Are High-Deductible HSA Accounts Taxable?
Health savings accounts (HSA) are designed to work in conjunction with a high-deductible health plan, allowing you to save money for health-related expenses. When used for health-related expenses, the funds in your HSA can be withdrawn on a tax-free basis. There are instances where the funds would become taxable, according to the Internal Revenue Service.-
Non-Qualified Expenses
-
Although the list of qualified medical expenses is somewhat broad for an HSA, if you use funds for an expense that isn't qualified, this distribution would be considered a taxable distribution. In addition to the distribution being treated as income, you will also have to pay a 10 percent penalty tax on this amount.
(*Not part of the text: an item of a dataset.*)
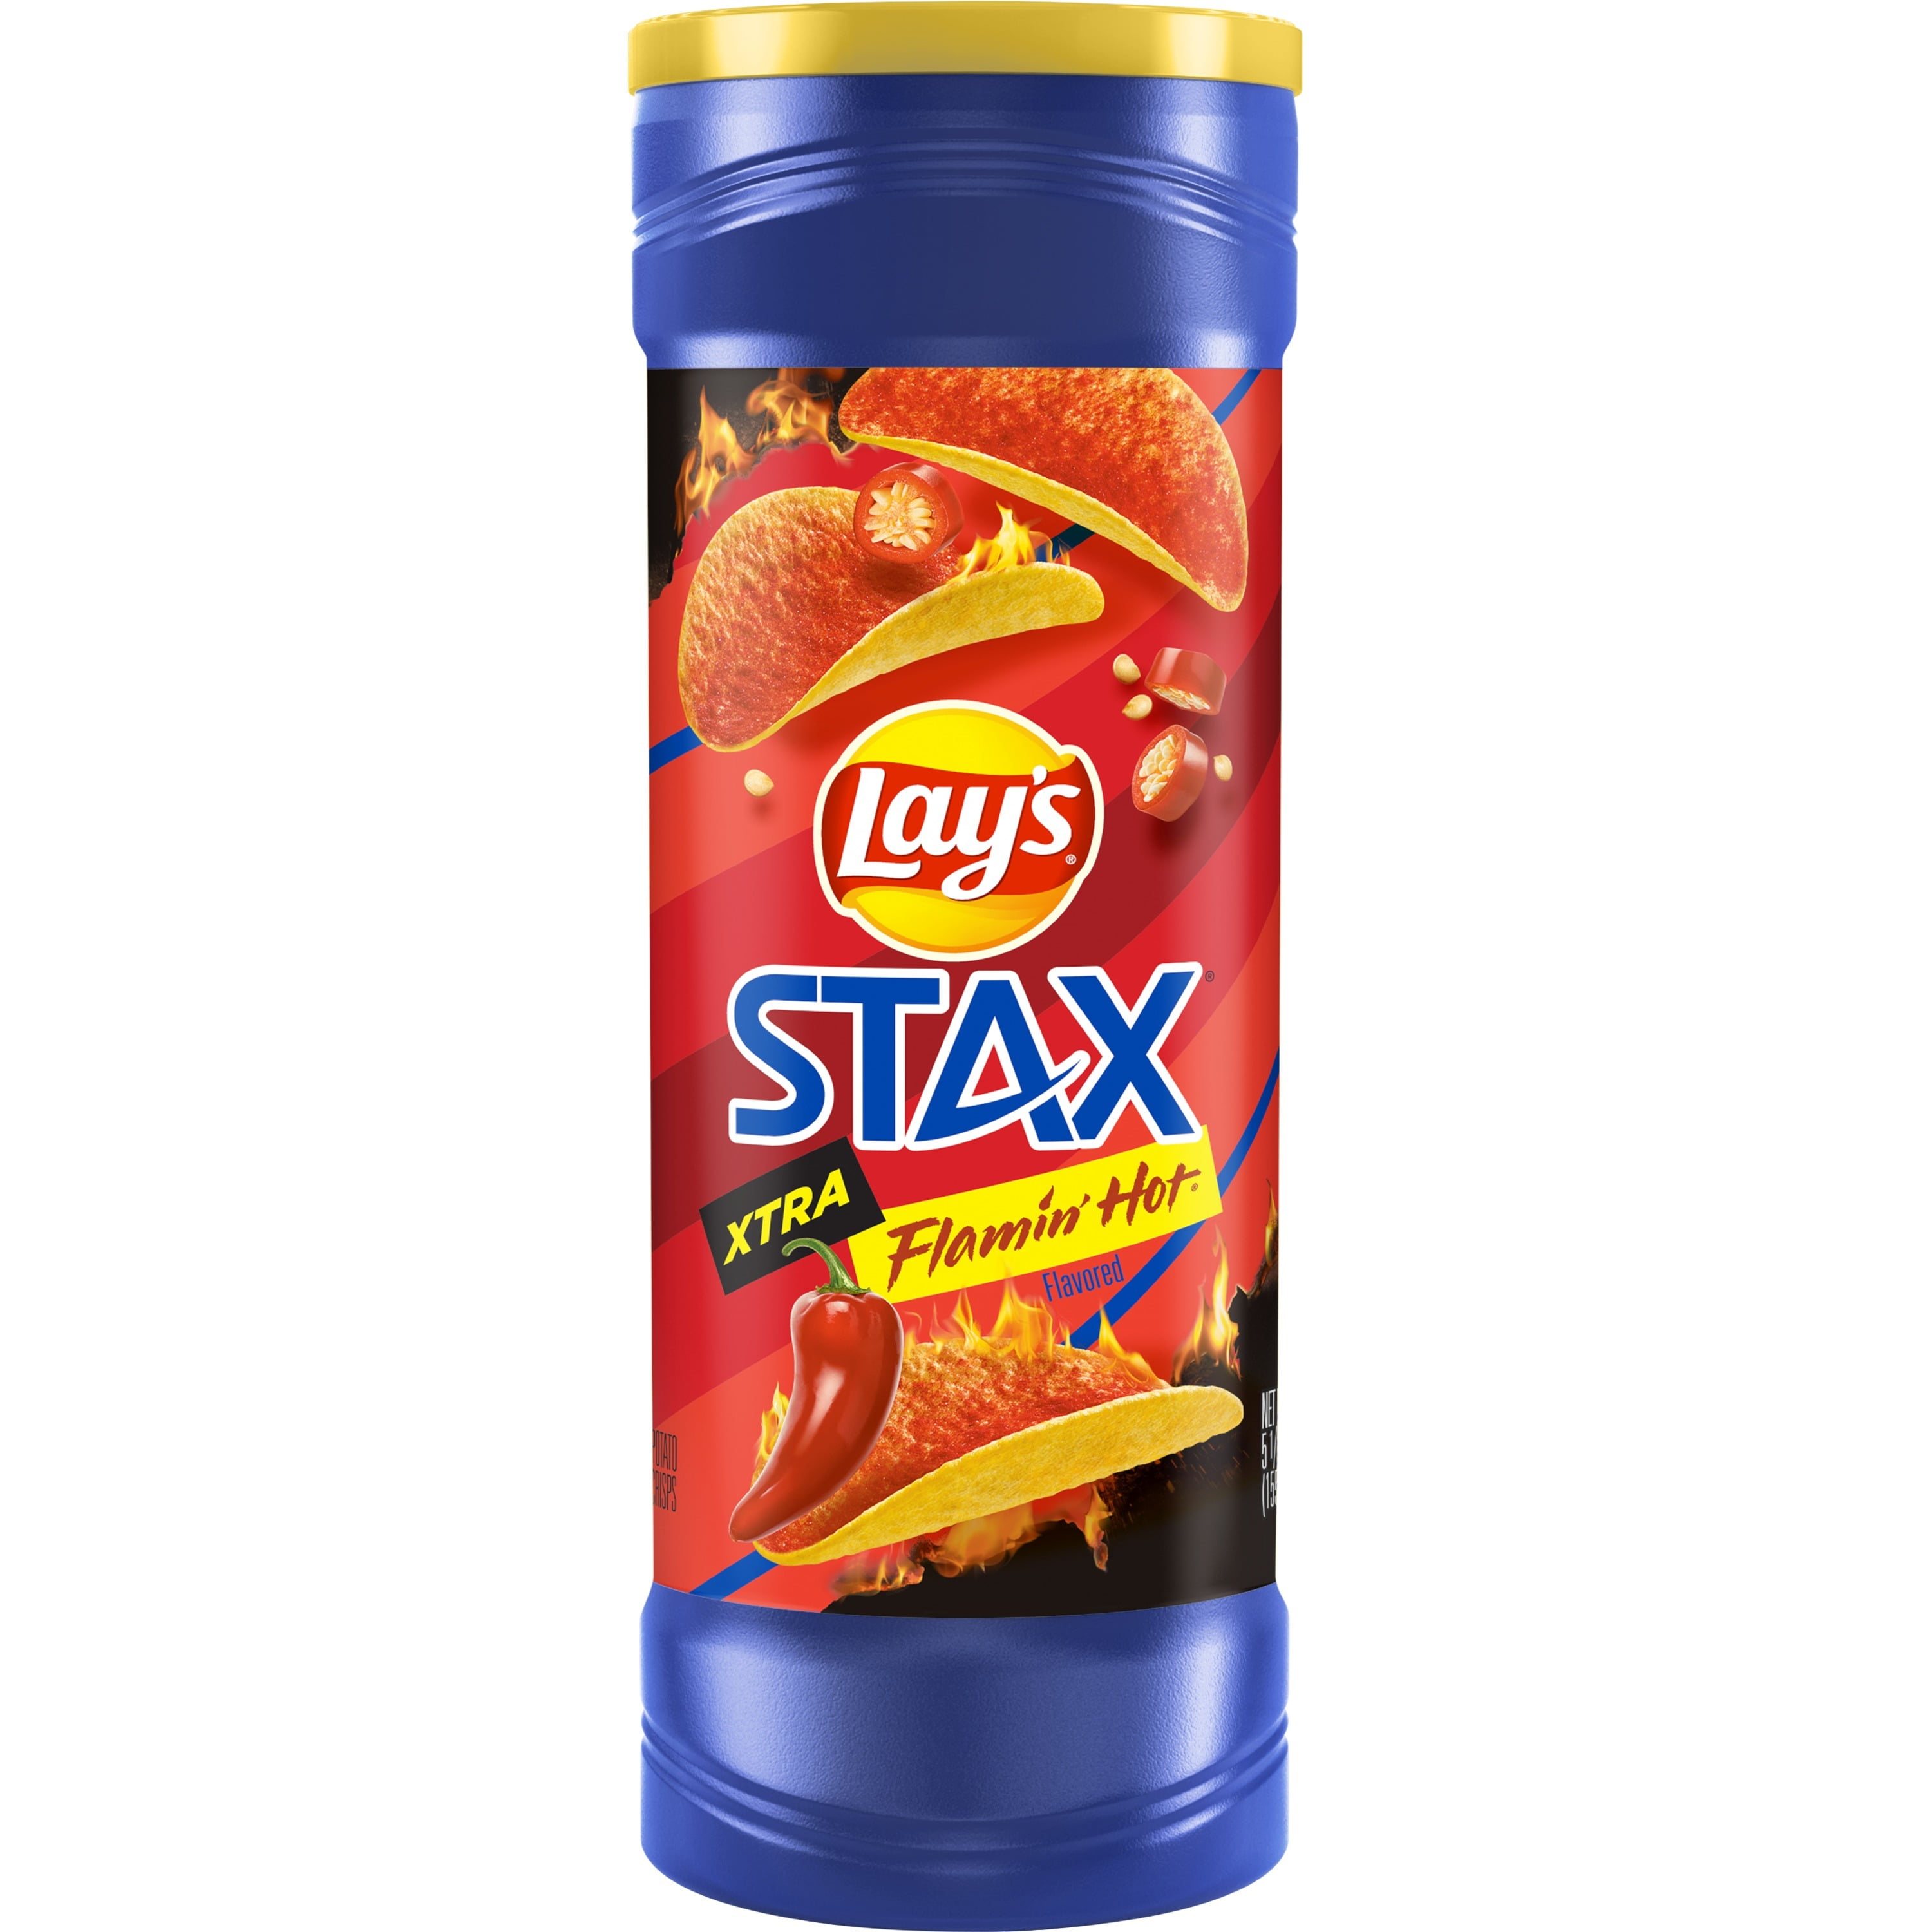 Lays Stax Xtra Flamin Hot Potato Chips 55 Oz Canister

The 10 percent penalty is waived if you take a distribution after you become disabled, reach age 65 or pass away.
Deemed Distributions
-
The Internal Revenue Service specifies that if you participate in any prohibited transactions as outlined in section 4975 with your HSA that those transactions will be taxable events. Some examples of prohibited transactions are selling, leasing or exchanging property between you and the HSA; lending money between you and the HSA; or furnishing goods, services or facilities between you and the HSA. Deemed distributions are also subject to a 10 percent penalty tax.
Death of the HSA Holder
-
If the owner of an HSA passes away, the account will still be treated as an HSA if the beneficiary is the spouse of the HSA owner, and no taxes will be owed. If the beneficiary is not the spouse of the HSA owner, the account will cease to be an HSA, and the fair market value of the account will be considered income to the beneficiary.
Excess Long Term Care Insurance Premium
-
Each year, the Internal Revenue Service determines how much long term care insurance premium is deductible. This deductible amount can be paid from your HSA without tax consequences. Any amount in excess of this could be considered taxable income.